Ребята чувствовали себя стесненно.
Здесь, в этой низкой комнате, жил когда-то Владимир Ильич Ленин, он пользовался вот этой самой зеленоватого цвета мебелью: столом, на котором лежали сейчас их локти, стульями, на которых они сидели.
Непривычная обстановка ленинского уголка, новизна дела сковали их движения, приглушили голоса.
Это были те же Васильев, Гага, Смирнов, и в то же время как будто уже и не они, а какие-то особенные люди, представители общего собрания, которое может послать человека на гауптвахту, не пустить в Москву, исключить из коммуны.

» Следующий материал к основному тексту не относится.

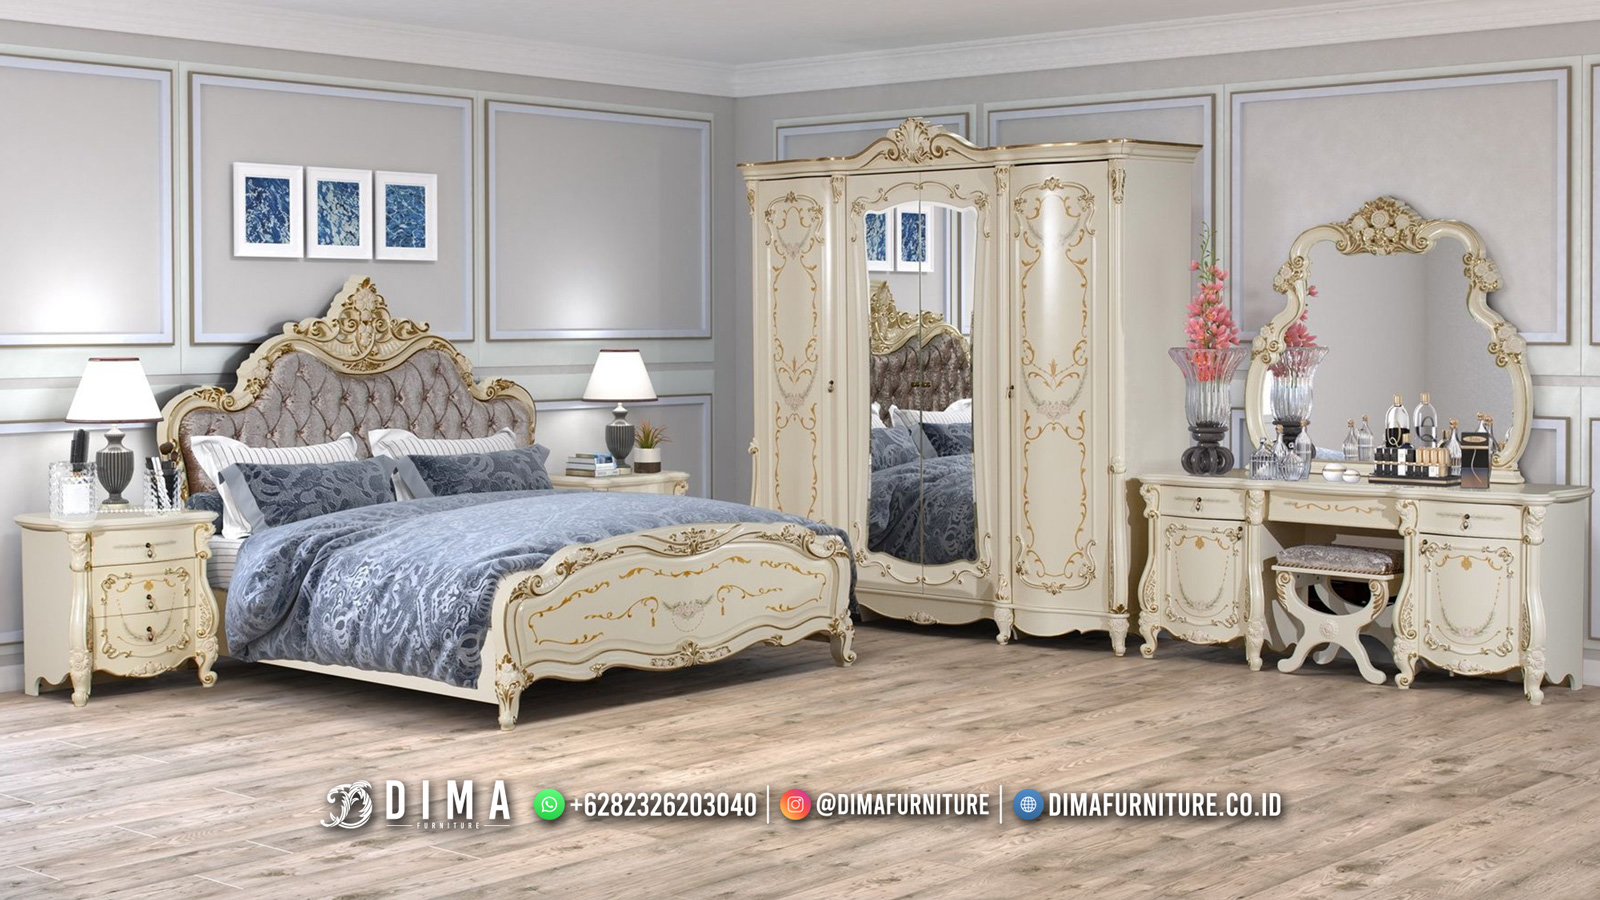 Desain Tempat Tidur Mewah Ukir Jepara Elegan Turki Style DF-2245

Поодаль сидели, видимо, из интереса к необычным в коммуне делам Гуляев и Накатников.
Тут же были Чума, Беспалов, Котов и Умнов. Их дела должна была рассмотреть сегодня конфликтная комиссия. Они о чем-то беседовали вполголоса у окна.
Суровую простоту обстановки нарушал лишь Чума.
С кривыми, как у степного наездника, ногами, с острым лицом и наглыми глазами он выделялся пестрым, попугайной окраски кашне и мятым цилиндром, из-под которого торчали его грязно-русые волосы. Вот уже с неделю он таскал этот цилиндр, раздобыв его неизвестно где. Кургузый пиджак сидел на нем, как на манекене.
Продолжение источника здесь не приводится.